As we can see there’s no difference in new line character in both the files.
current error after passing --input argument is this
"Traceback (most recent call last):
File “onnx_export.py”, line 86, in
net.load(args.input)
File “/jetson-inference/python/training/detection/ssd/vision/ssd/ssd.py”, line 135, in load
self.load_state_dict(torch.load(model, map_location=lambda storage, loc: storage))
File “/usr/local/lib/python3.6/dist-packages/torch/nn/modules/module.py”, line 1045, in load_state_dict
self.class.name, “\n\t”.join(error_msgs)))

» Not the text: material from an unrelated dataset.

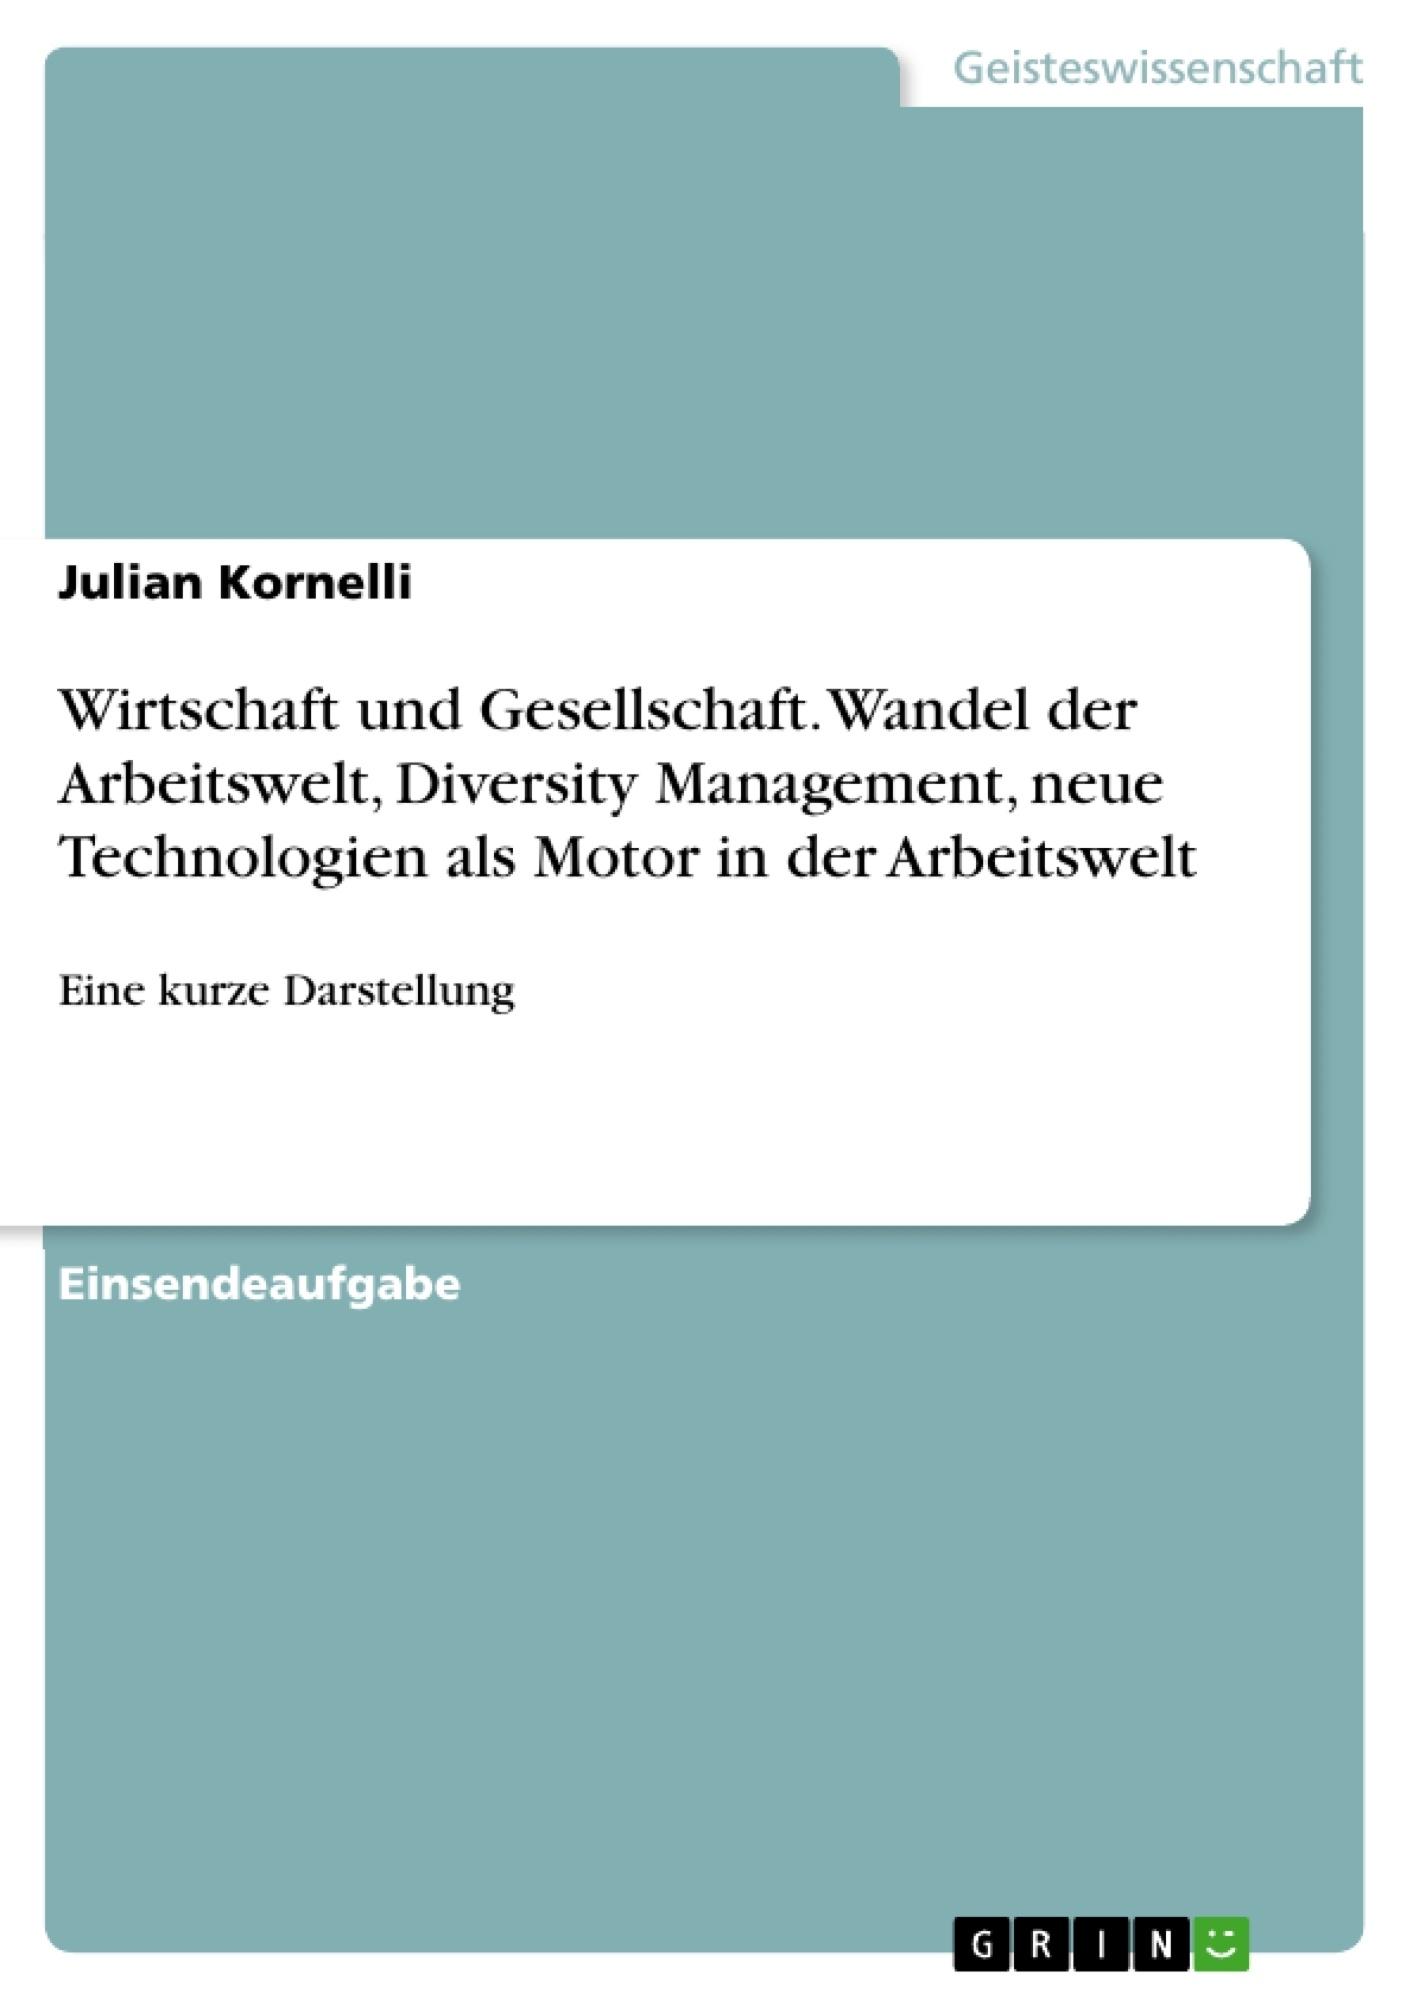 Titel: Wirtschaft und Gesellschaft. Wandel der Arbeitswelt, Diversity Management, neue Technologien als Motor in der Arbeitswelt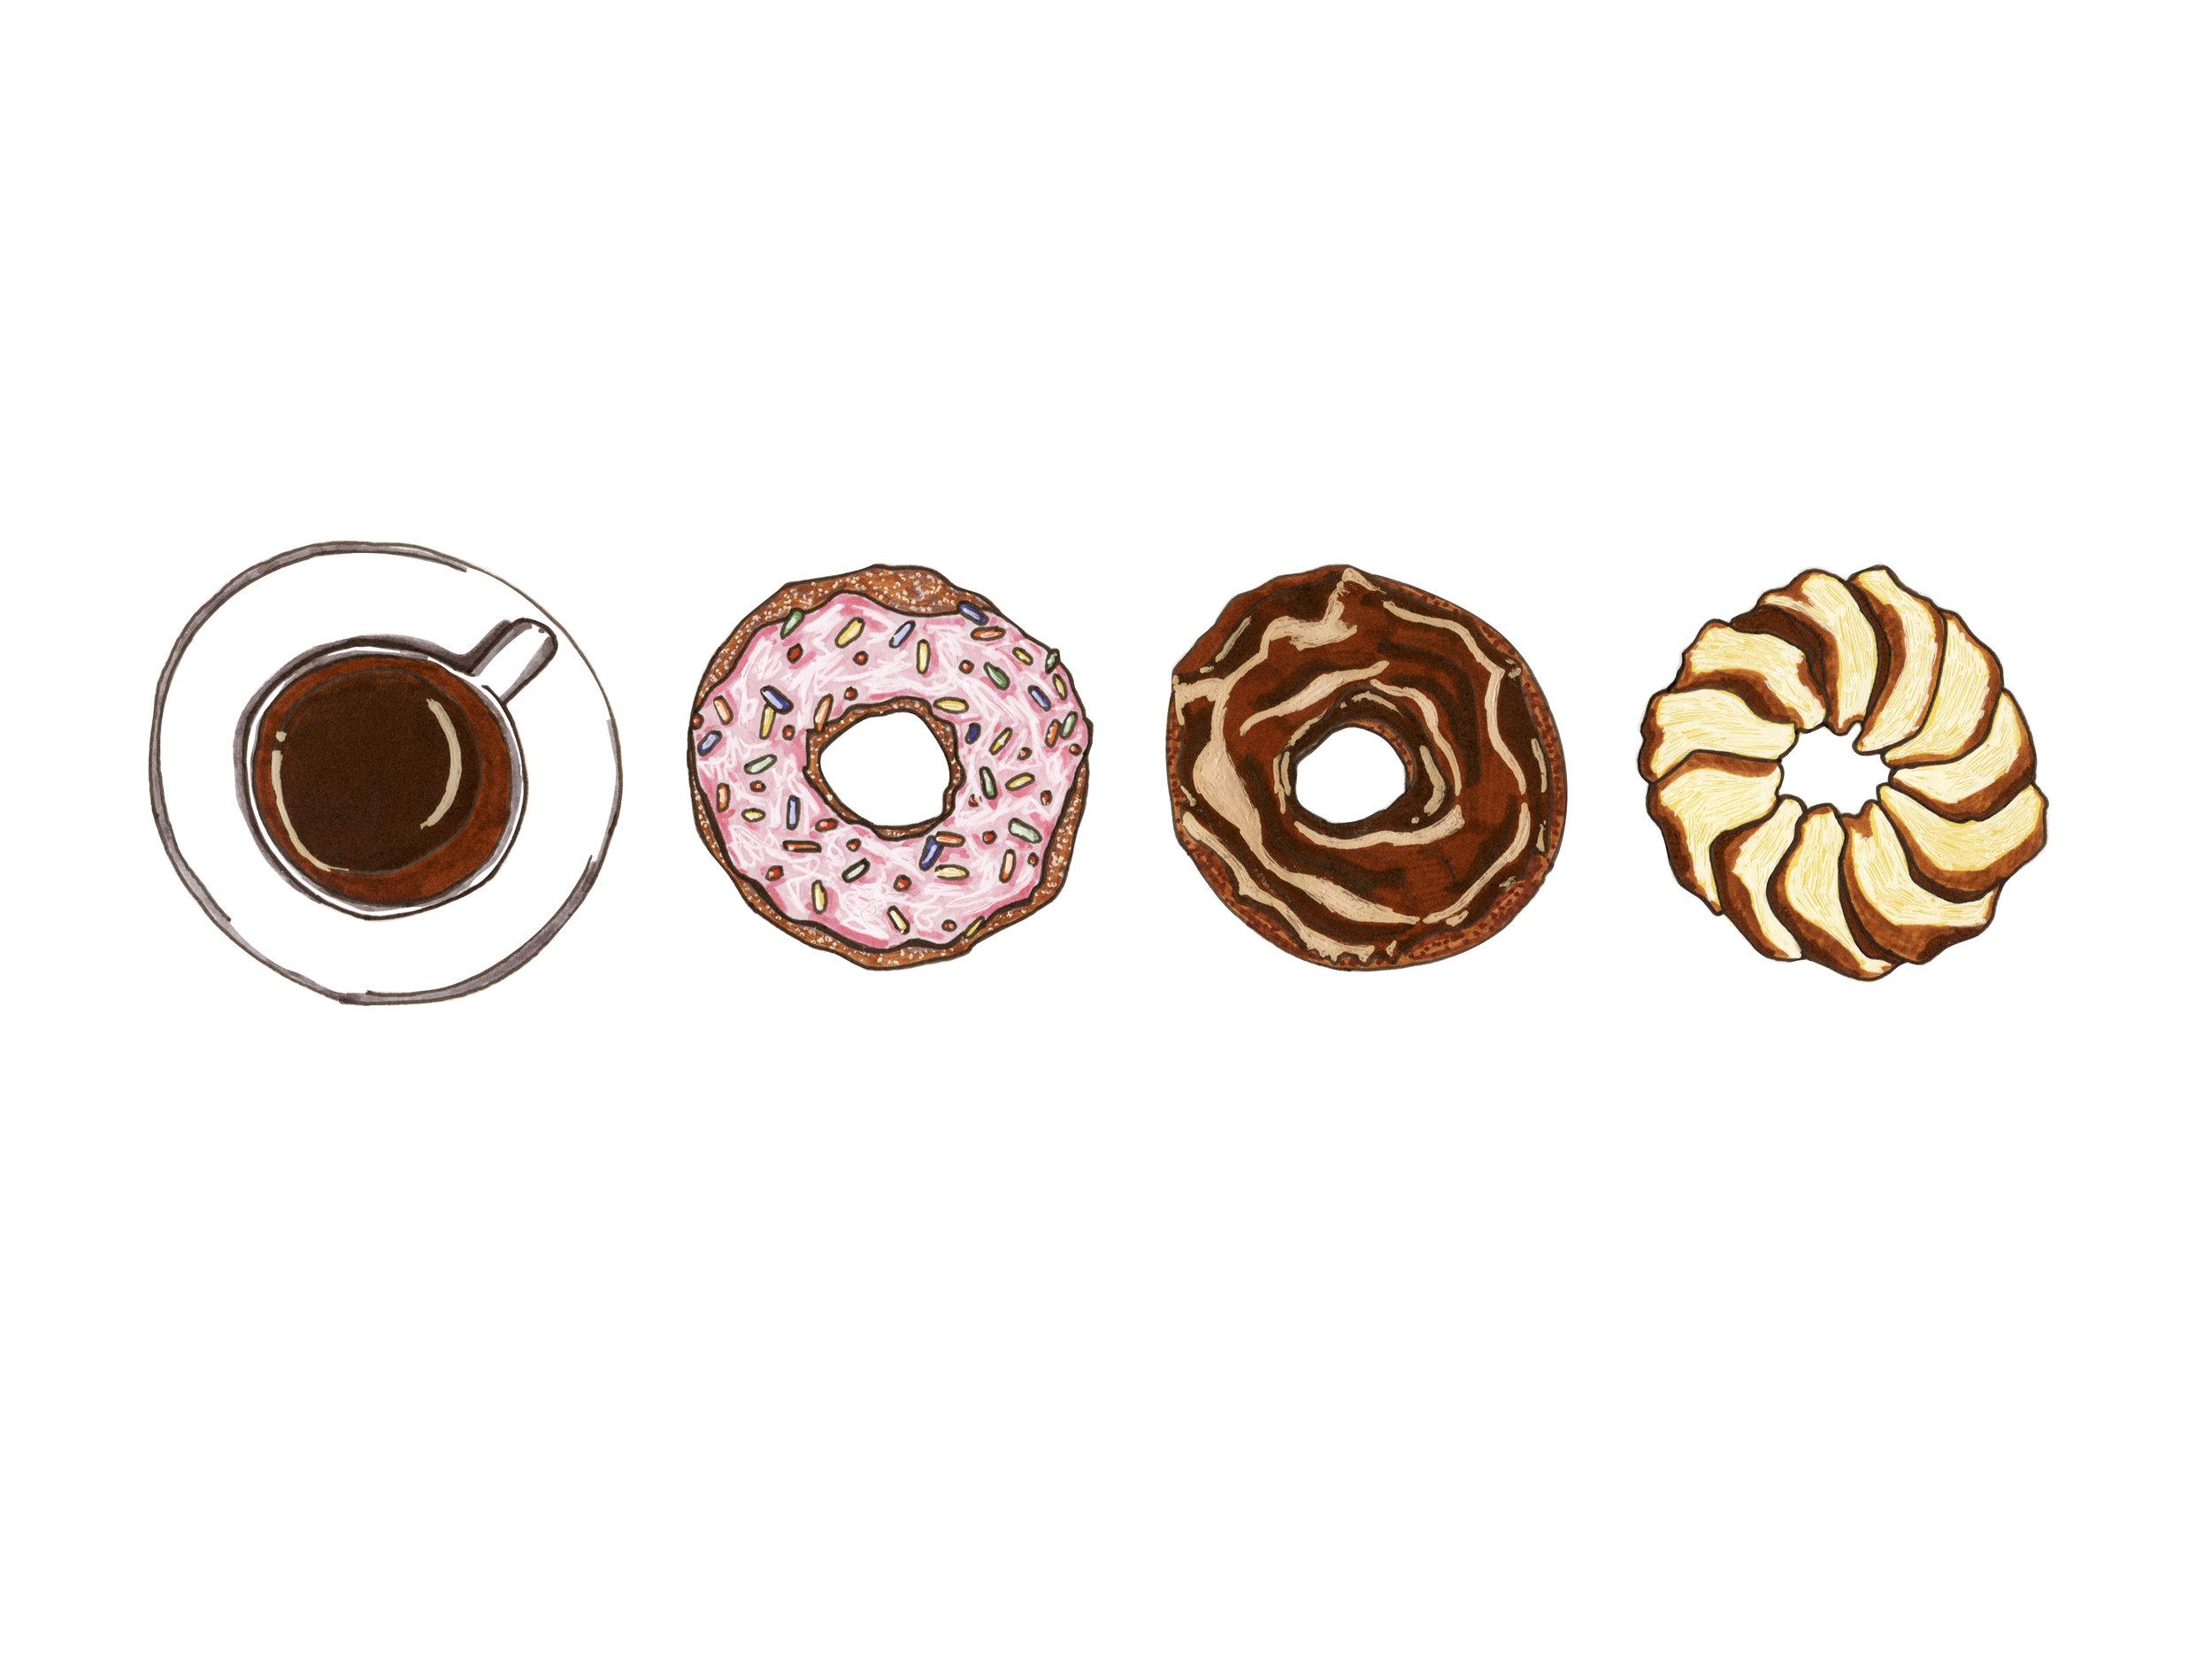 coffeedonuts_website.jpg

RuntimeError: Error(s) in loading state_dict for SSD:
size mismatch for classification_headers.0.weight: copying a param with shape torch.Size([126, 512, 3, 3]) from checkpoint, the shape in current model is torch.Size([18, 512, 3, 3]).
size mismatch for classification_headers.0.bias: copying a param with shape torch.Size([126]) from checkpoint, the shape in current model is torch.Size([18]).
size mismatch for classification_headers.1.weight: copying a param with shape torch.Size([126, 1024, 3, 3]) from checkpoint, the shape in current model is torch.Size([18, 1024, 3, 3]).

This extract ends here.